Перед мертвыми и живыми…
…Ездил я на южный Урал к фронтовому другу, которого не видел 22 года и который отыскал меня, потому что в свое время помог я ему раненому выбрести из под огня и добраться до санбата. Люди нашего поколения умели и умеют, слава тебе Господи, ценить добро и хранить его в памяти, вот и не забывал моего участия дружок, как и я не забываю тех, кто меня потом тоже доставил в санбат и перевязал на передовой.
Встреча наша была волнующая и грустная. Настолько она грустная, что жена моя до сих пор недоумевает, отчего это я ничего ей не рассказываю?! А что рассказывать-то? Так называемый фронтовой юмор или что молодость и здоровье остались в окопах? Друзей там много осталось.
Вспоминалась вся тяжелая работа, бездельники политруки, командиры, которые обжирали нас, солдат, и почему-то считали и они и мы, что так оно и быть должно, чтоб они ели с отдельного блюда, а нам разблюдовка не полагалась, нам проросший ячмень, клевер и крапива. Если украдешь, смародерствуешь – это твое. Говорят, сейчас на Украине москалей ненавидят, и не напрасно, по-моему, только жаль, что ненавидят они не тех москалей, которых надо бы!..
Словом, пожил я у друга и увез еще более растревоженную душу и радостное сознание того, что я не осквернил, или почти не осквернил сочинительством память свою о войне. И что если о ней писать, то только так, как было. Покрывать морализированием и романтикой войну, как это хотелось бы кое-кому, – преступление перед мертвыми и живыми друзьями, перед теми особенно, кого приучить хотят к мысли, что война – это не так уж и плохо: можно песни петь, возвыситься, сделаться героем и любимая тебя оценит по достоинству. Блажь это литературная. Я радуюсь тому, что ребятишки наши начали, подсознательно пока, сопротивляться всякому милитаристическому направлению.
Один молодой генерал жаловался мне, что молодые солдаты стыдиться стали маршировать по улице и глотки драть.

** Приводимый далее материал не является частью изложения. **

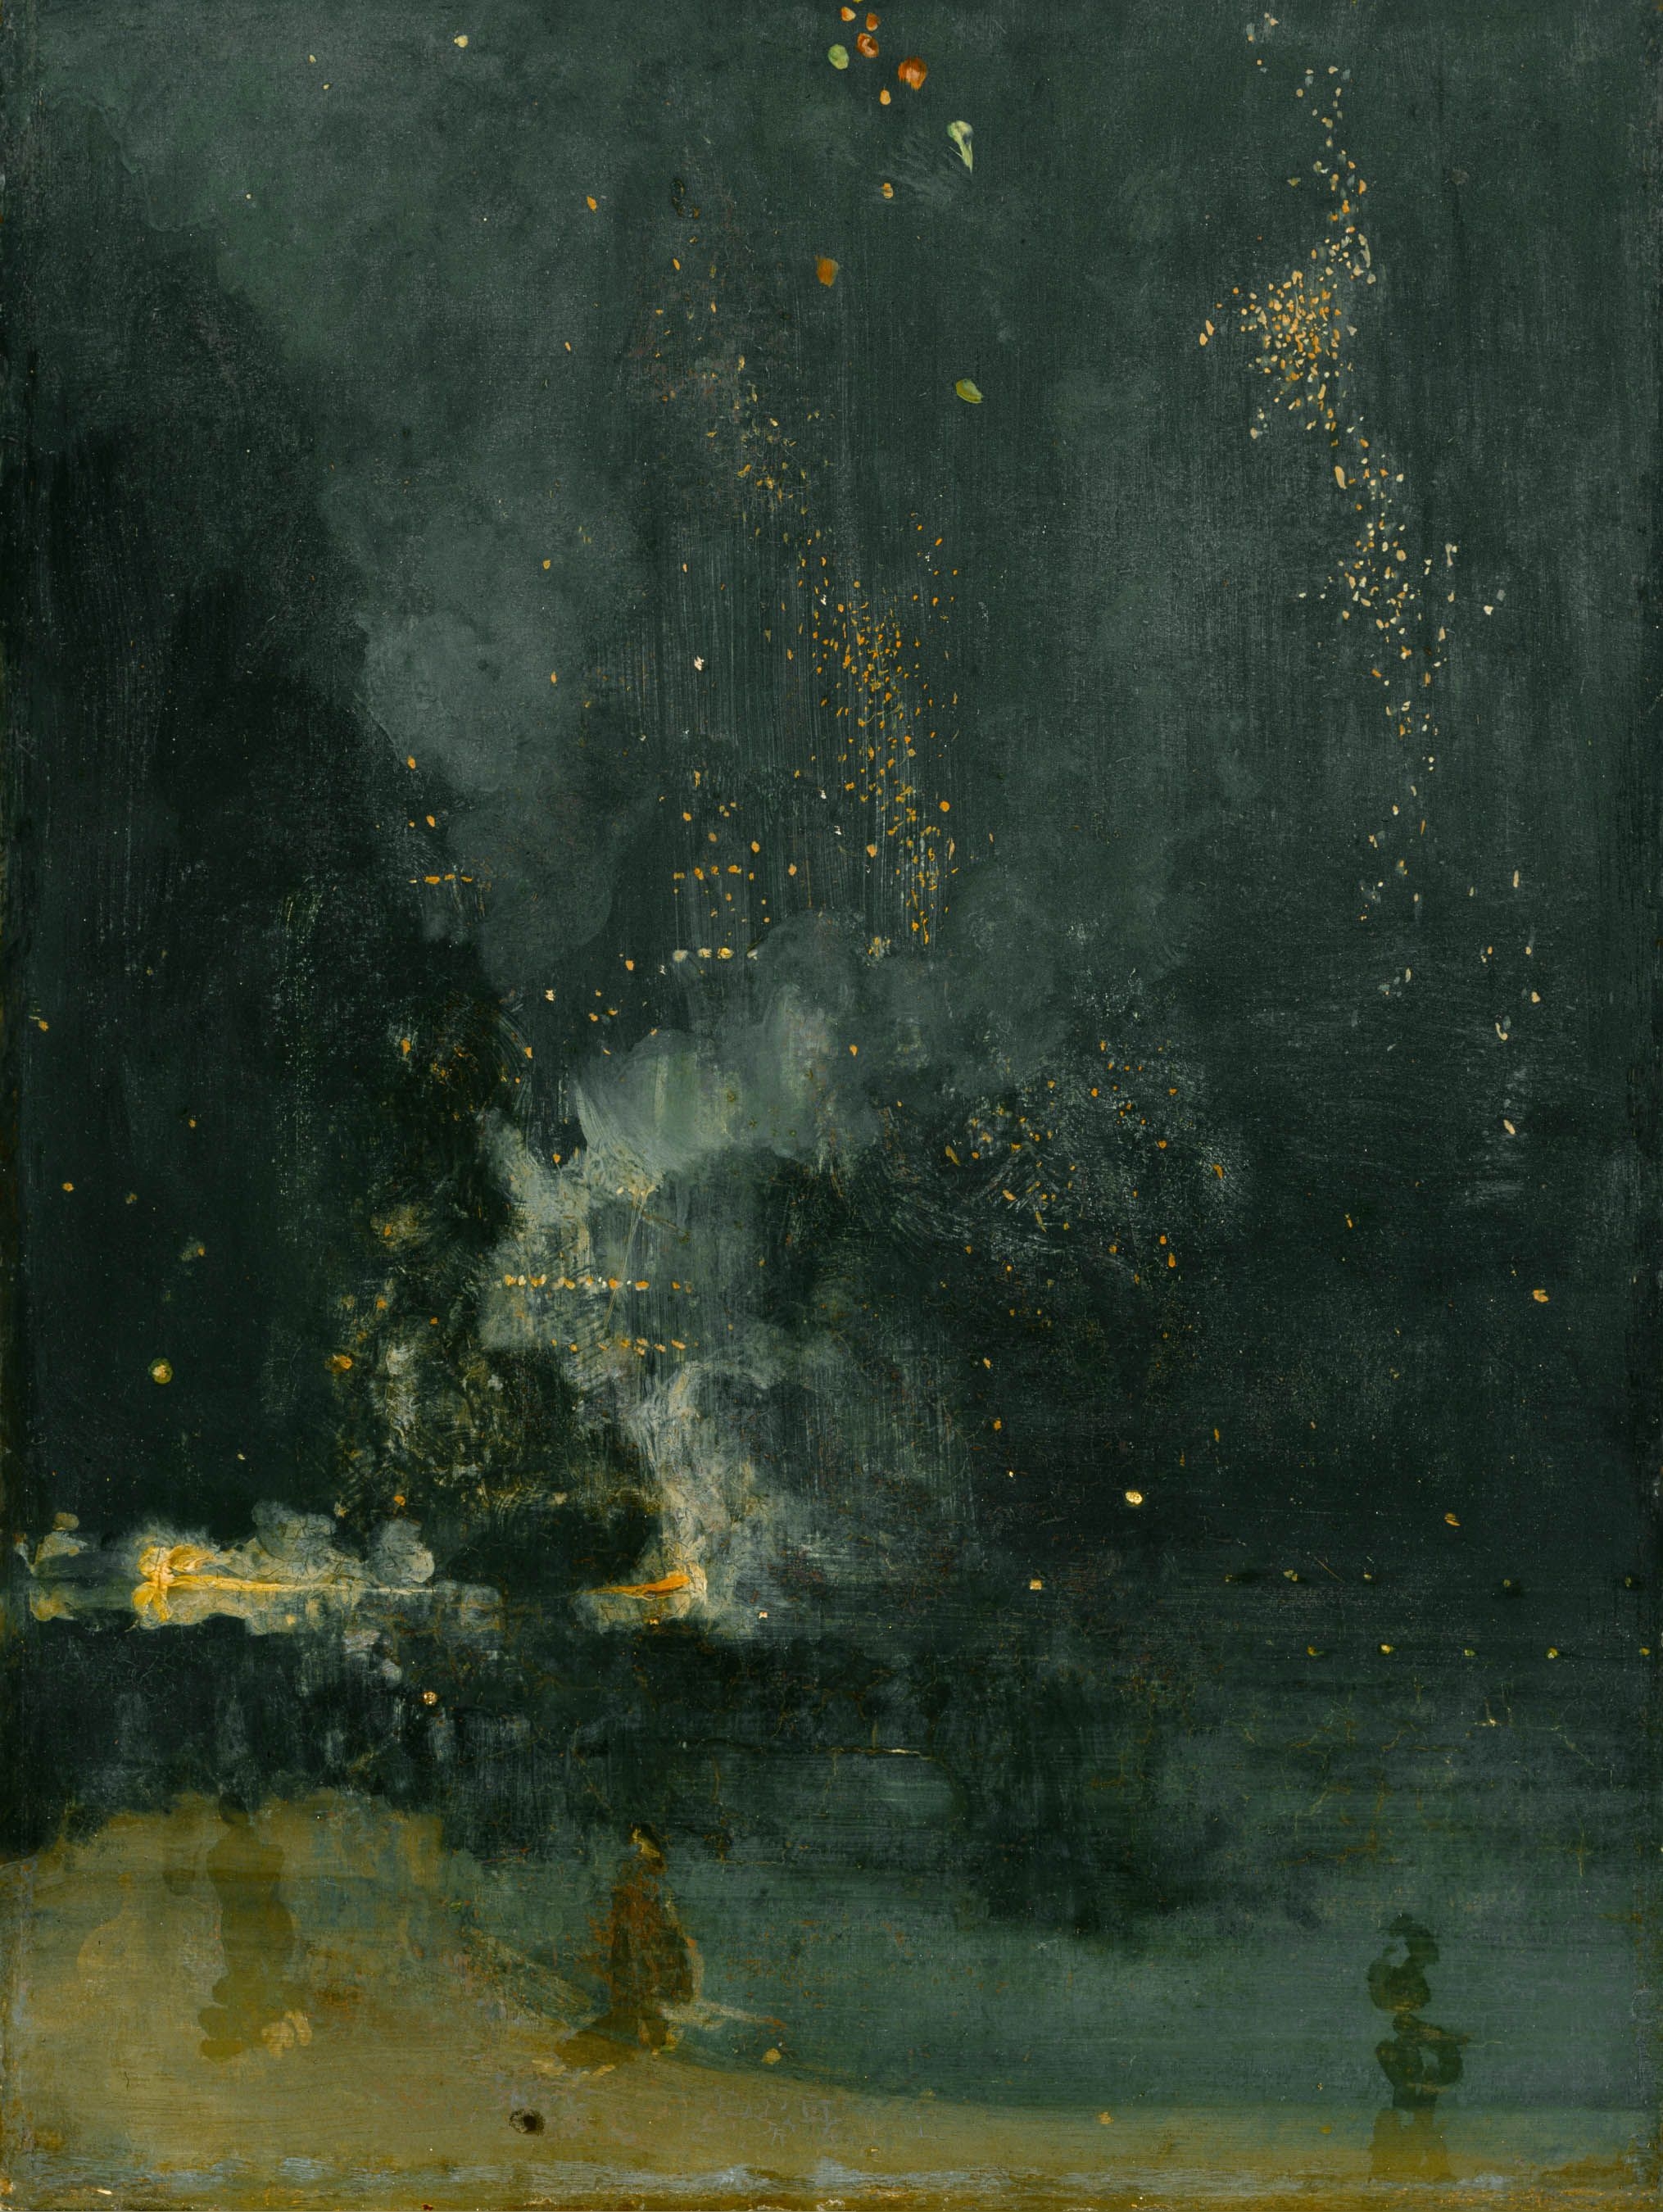 黑金夜曲，坠落的火箭 by 詹姆斯· 艾博特·麦克尼尔·惠斯勒 - 1875 - 60.3 × 46.7 cm 底特律美术馆

Я ему сказал, что если б торжествовала передовая человеческая мысль на земле, давно б уж не было на ней никаких казарм, никаких армий и некого было бы «освобождать», а ему, генералу, пришлось бы идти на производство и не обесценивать, не обесцвечивать до серого цвета человека, а производить нужные людям вещи.